Triggers¶
Warning
This is currently in Beta. DO NOT use in production.
Note
Not up to date. See the bottom part for something recent
A trigger object is something that can be called after a “change” on an object. It’s a bit like Zabbix trigger, and should be used only if you need it. In most cases, direct check is easier to setup :)
It’s defined like:
Here is an example that will raise a critical check if the CPU is too loaded:
Simple rule¶
define trigger{
trigger_name One_Cpu_too_high
matching_rule perf(self, 'cpu') >= 95
hit_action critical(self, 'Cpu is too loaded')
}
Rule with an OR¶
Another one that will look if at least one CPU is too loaded (> 90% load) or the overall CPU is too loaded too (total > 60%):
define trigger{
trigger_name One_or_more_cpu_too_high
matching_rule max([perf(self, 'cpu*')]) > 90 | avg([perf(self, 'cpu*')]) > 60
hit_action critical(self, 'Cpu is too loaded')
}
Advanced correlation: active/passive cluster check¶
It can be used for advanced correlation too:
If you want to do an active/passive check without a bp_rule here an example. This service will be the “cluster” service that show the overall state. It will have 2 custom macros: “master”, the master server and “slave” the slave one.
define trigger{
trigger_name Bad_active_passive
matching_rule (service(self.customs['master']).state == 'CRITICAL' & service(self.customs['slave']).state == 'CRITICAL') | (service(self.customs['master']).state == service(self.customs['slave']).state)

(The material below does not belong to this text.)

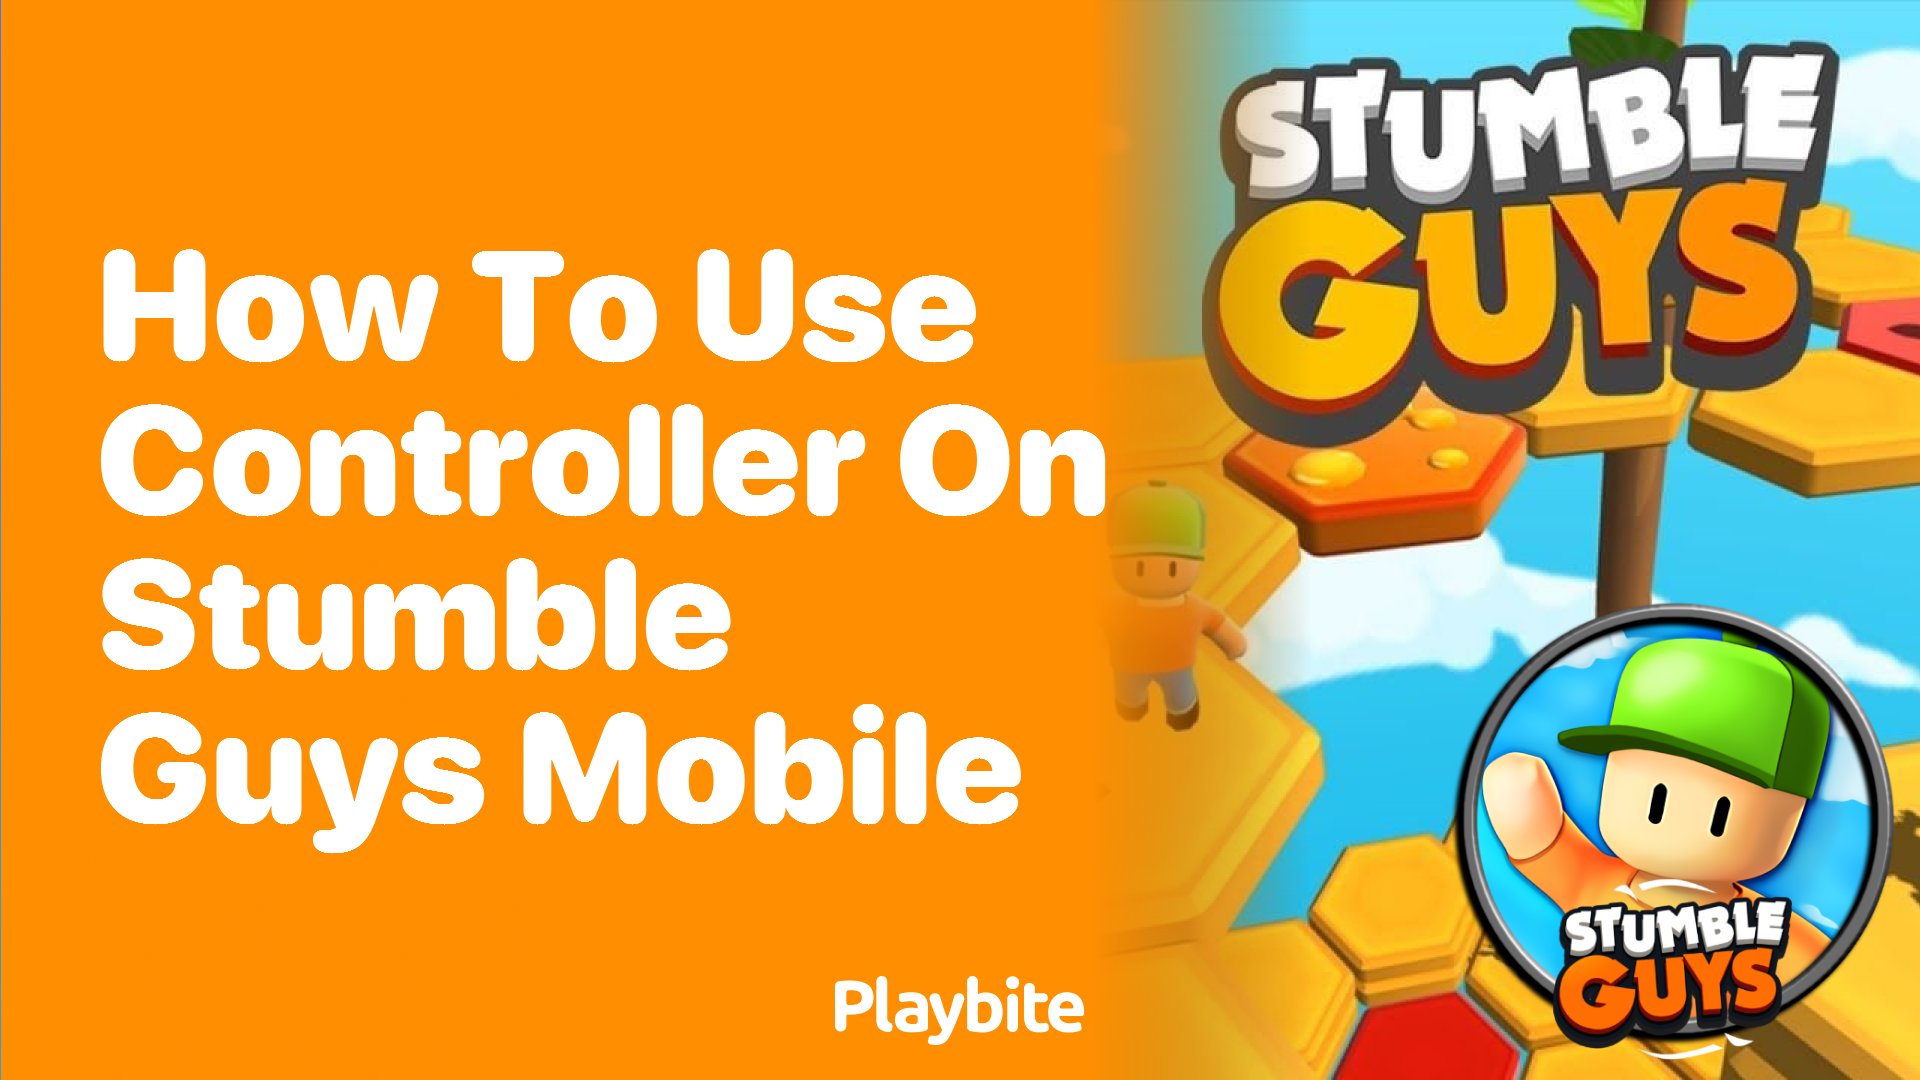 How to Use a Controller on Stumble Guys Mobile
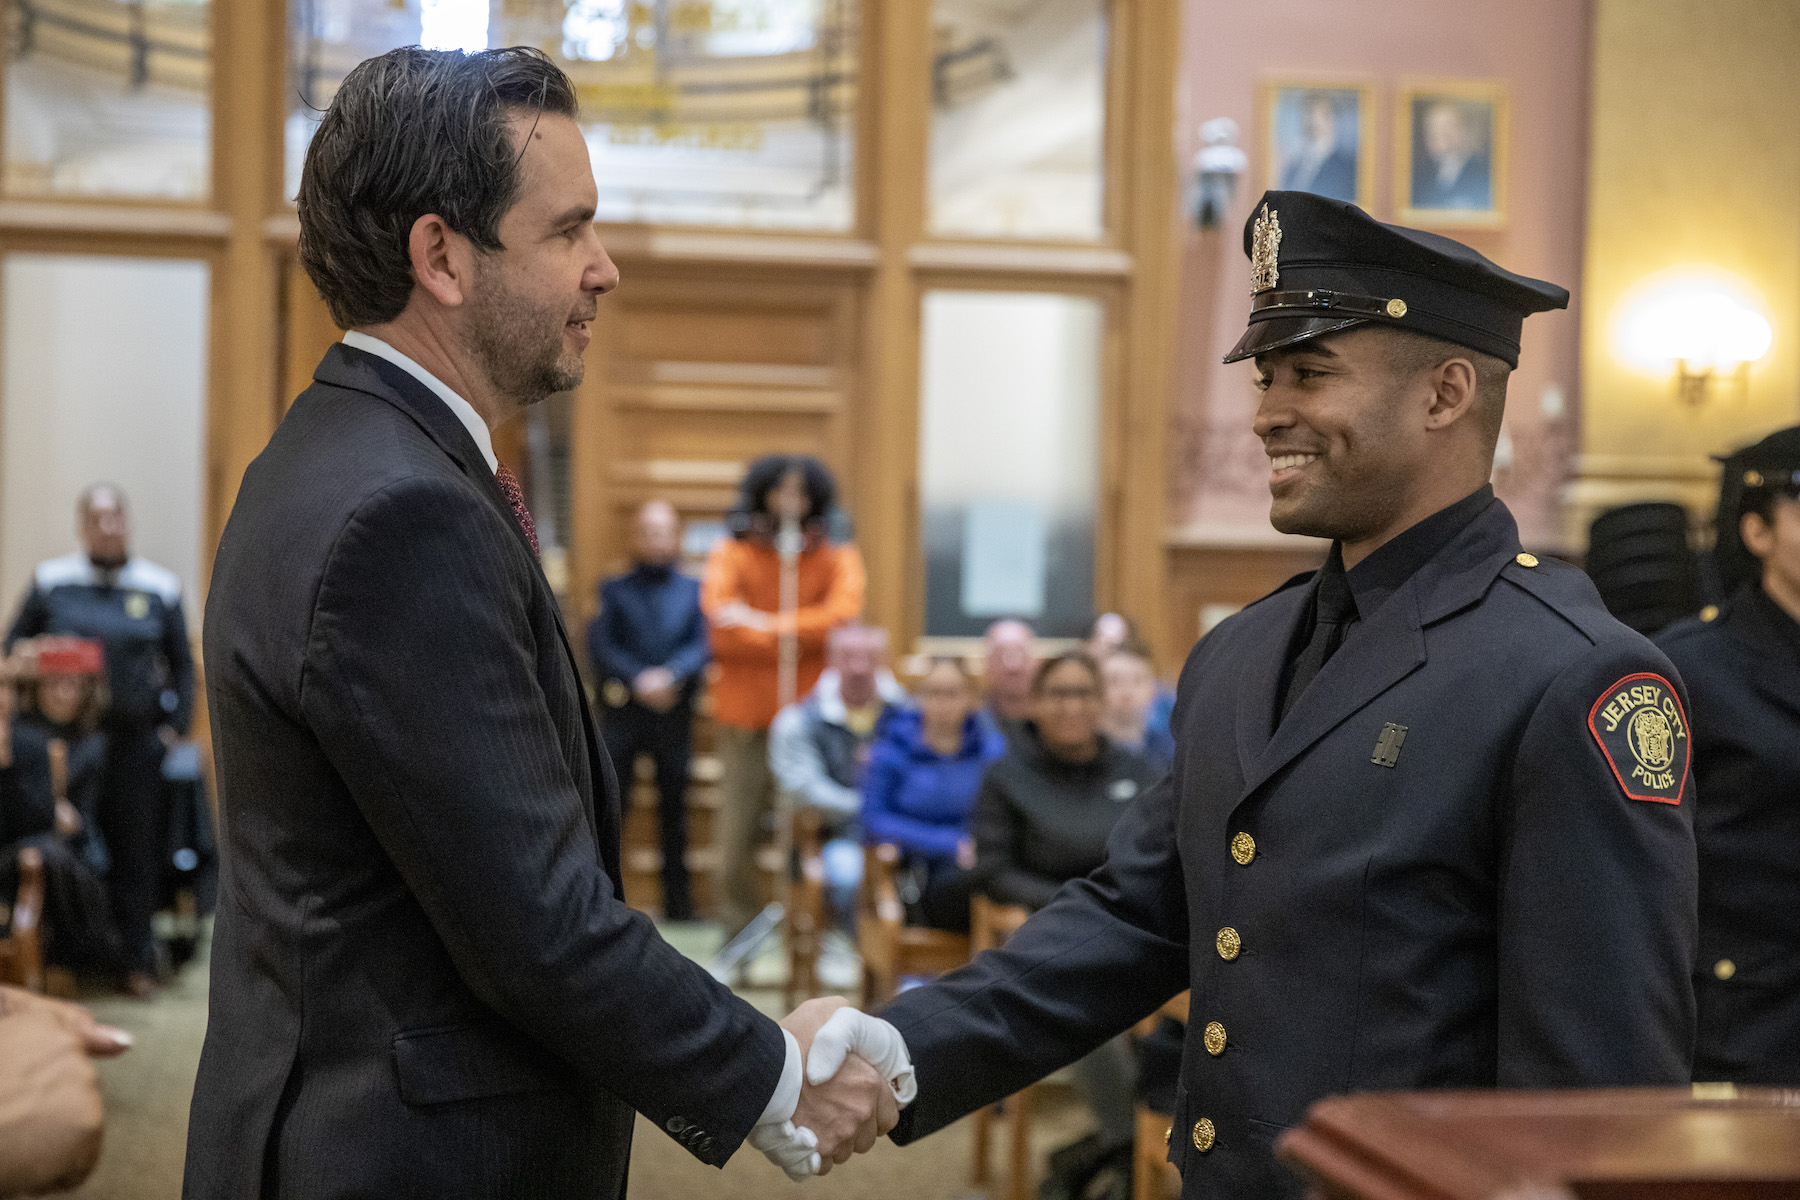 Mayor Fulop Gives Oaths to Newest JCPD Officers, Over 90% Represent Minority Populations

hit_action critical(self, 'Cluster got a problem')
}
And if you want you can define a degraded one you can define another trigger for this same “cluster” service:
define trigger{
trigger_name Degraded_service
matching_rule service(self.customs['master']).state == 'CRITICAL' & service(self.customs['slave']).state == 'OK'
hit_action warning(self, 'Cluster runs on slave!')
}
Statefull rules¶
Here an example with statefull rules.
I will read a regexp like PORTSCAN FROM (S+) TO S+:(d+) on a service, and create an “event” that got a 60min lifetime. It will be add on services on all hosts for example.
define trigger{
trigger_name Log_post_scan
matching_rule regexp(self.output, 'PORTSCAN FROM (?P<source>\S+) TO (?P<dest>\S+):(?P<port>\d+)')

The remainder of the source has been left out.